The economic costs of the disaster at Crandall Canyon Mine continue to mount. First were the record $1.8 million in federal fines levied against the mine operator and an engineering firm.
Now comes the undisclosed settlement of lawsuits on behalf of 16 groups of plaintiff families. The settlement reportedly exceeds the $22 million paid to families of the 27 victims of the 1984 Wilberg mine explosion and fire.
We can only hope that the settlement announced last week provides security to the families of the victims of the Crandall Canyon Mine tragedy. But we are also cognizant of the loss in human terms — widows living their lives without their spouses, children growing up without fathers and parents outliving their children. It's been heartbreaking to observe from a safe distance, let alone to endure such tragedy.
One reason the pain is so raw is that these events should have never happened.
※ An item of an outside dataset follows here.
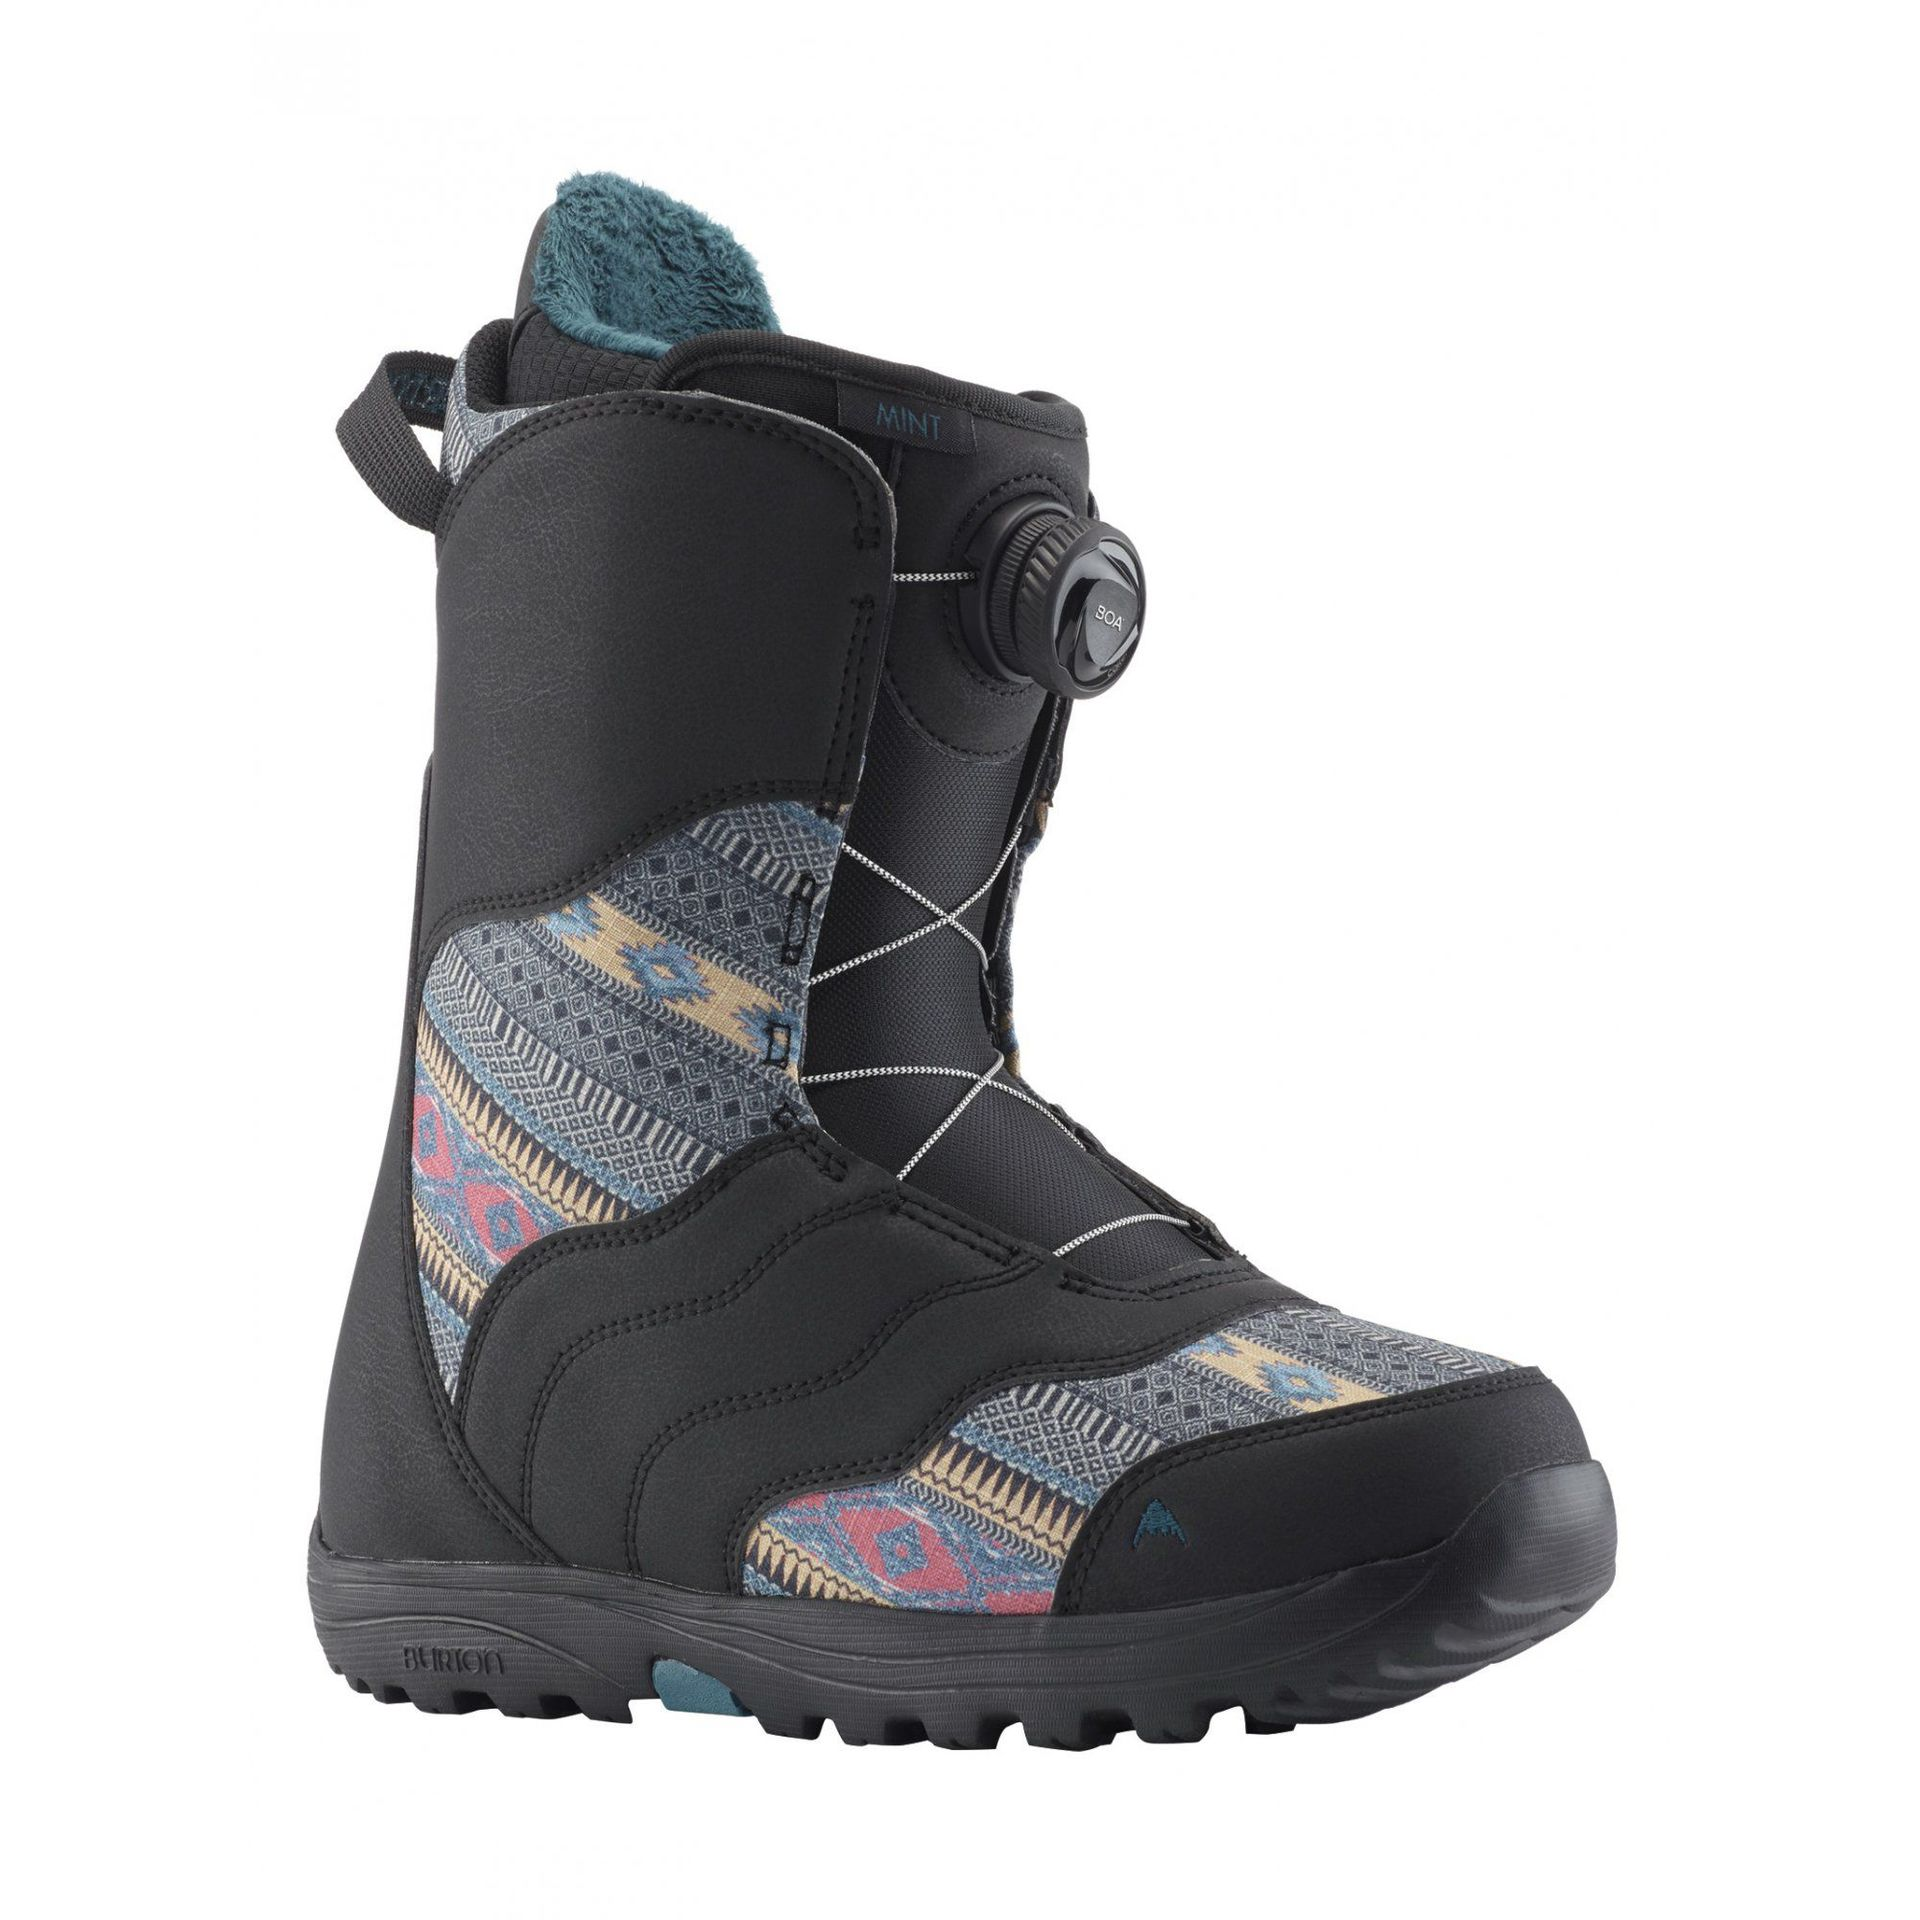 BUTY SNOWBOARDOWE BURTON MINT BOA BLACK MULTI 131771-022 1

The collapse that trapped and killed six miners in Crandall Canyon Mine occurred as mine workers were removing the last coal from the aging mine using a technique called "retreat mining." The deadly cave-in resulted from "a catastrophic outburst of the coal pillars that were used to support the ground above the coal seam," Richard Stickler, federal Mine Safety and Health Administration assistant secretary, explained upon completion of the agency's review of the initial collapse that trapped and killed six miners and the subsequent collapse that killed three rescuers.
MSHA authorized retreat-mining practices in the mine, but it acted on incomplete and faulty information, federal officials have said. The mine operator, Genwal Resources Inc., failed to report three "coal outbursts" after they occurred, two in March 2007 and another three days before the first fatal collapse in August 2007. The decision to extract the remaining coal in the mine was an economic decision. In the end, it was not worth risking the lives of hard-working miners, let alone the financial costs of settling lawsuits, paying federal fines and attorneys' fees.
Since the Crandall Canyon disaster, at least one Utah coal mine had decided to bypass attempts to remove coal from an aging mine to avoid similar dangers. The mine operator decided it simply wasn't worth the risk. It's beyond tragic that the owners and operators of Crandall Canyon Mine didn't arrive at the same conclusion in March 2007.